At least they appear more complicated at the Guardian and at the New York Times. At both papers, each the proud inheritors of certain liberal traditions, one may no longer say with confidence that editorial control of the paper resides with the editorial staff.

This evening, the columnist Suzanne Moore announced she is leaving the Guardian. It is hard to avoid the thought this is intimately related to the episode earlier this year when hundreds of Guardian staff and contractors, many of them working for the paper’s commercial and tech departments, denounced a column Moore had written. Typically, they did not name Moore but the target of their ire was obvious.

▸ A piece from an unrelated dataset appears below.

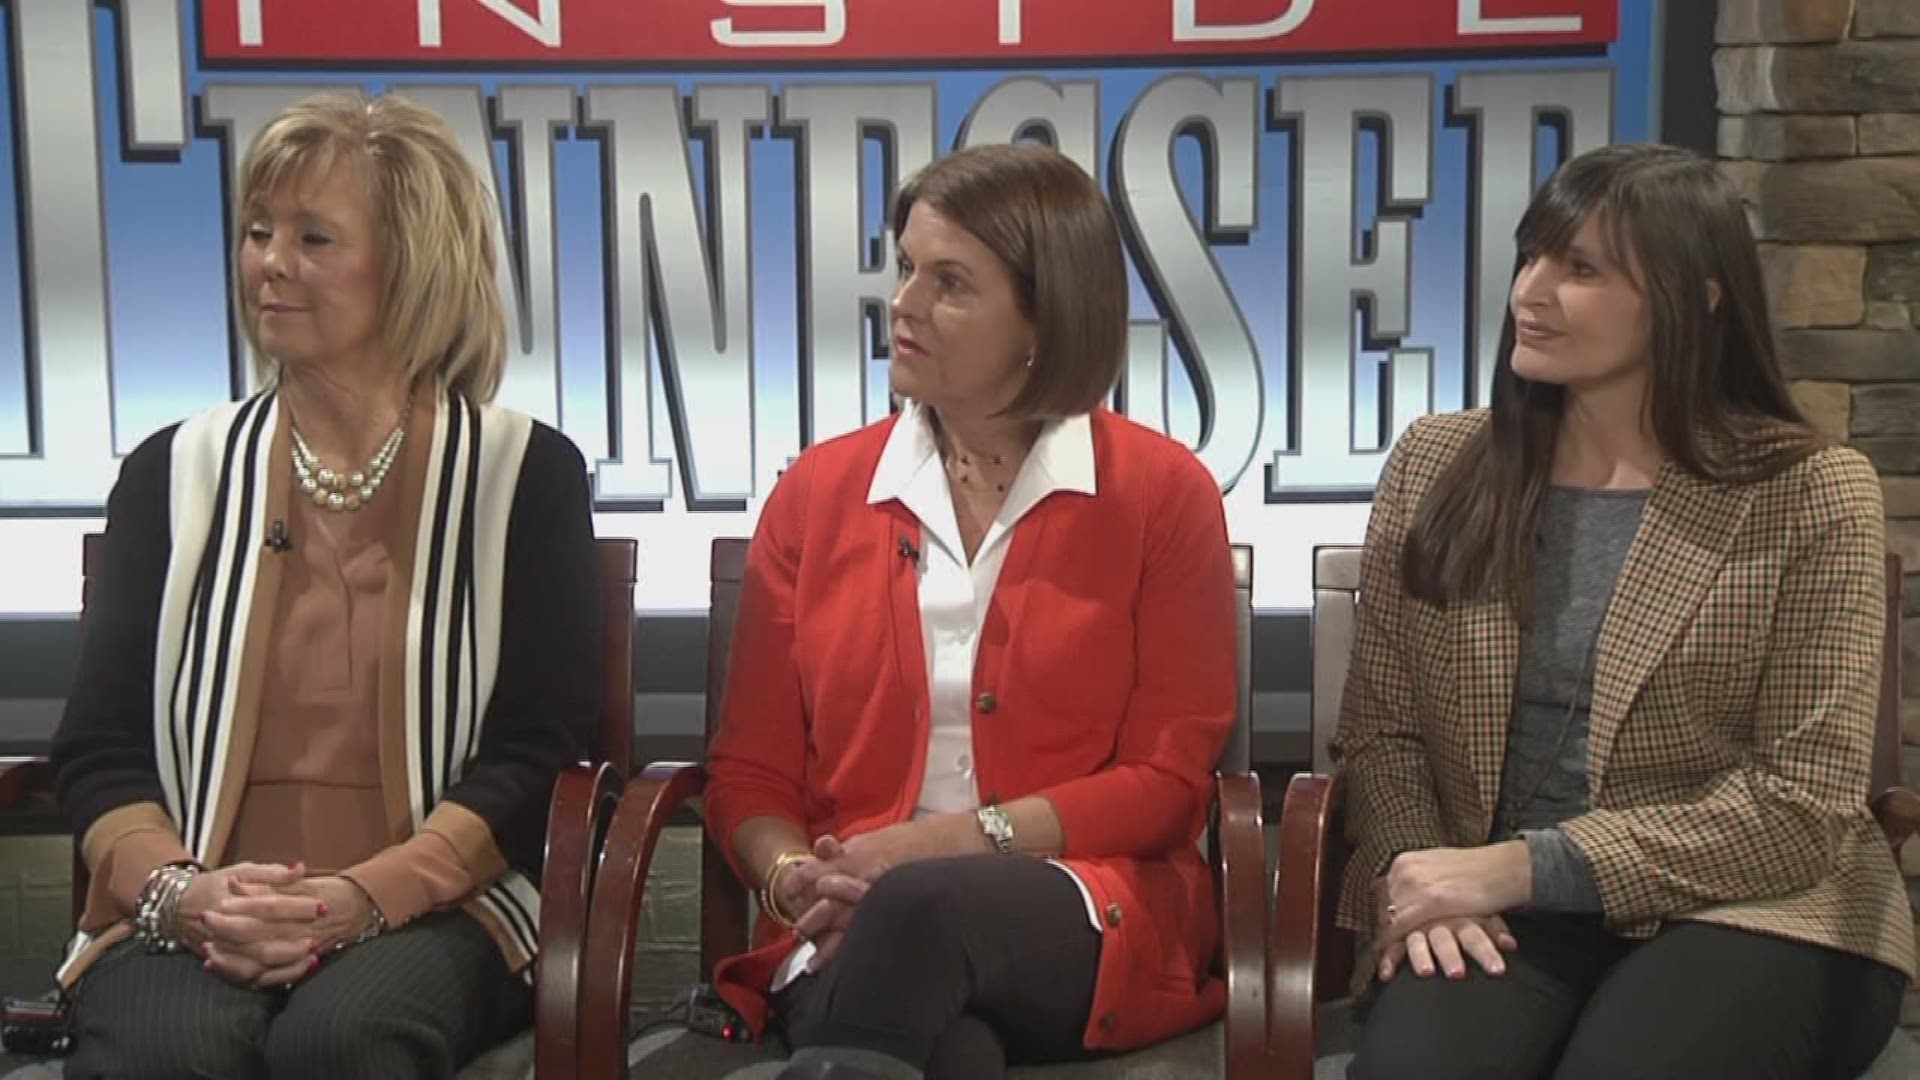 Knox County school board members Patti Bounds, Terry Hill and Susan Horn discuss school system issues.

Moore was guilty of Wrongthink and there must be no place for her kind of feminism – especially as it relates to transgender issues – in a liberal newspaper. For if a liberal paper cannot insist upon certain boundaries, certain orthodoxies, then what kind of liberal paper is it?

A good question and one the Guardian can no more satisfactorily answer than can the New York Times. There, James Bennet, custodian of the paper’s comment section, was forced out for the appalling crime of doing his job. At the height of a summer of civil unrest across America, Bennet published an op-ed by senator Tom Cotton given the provocative headline ‘Send in the Troops’. 

Cue uproar; NYT employees objected to the presence of something as offensive as this in their pages.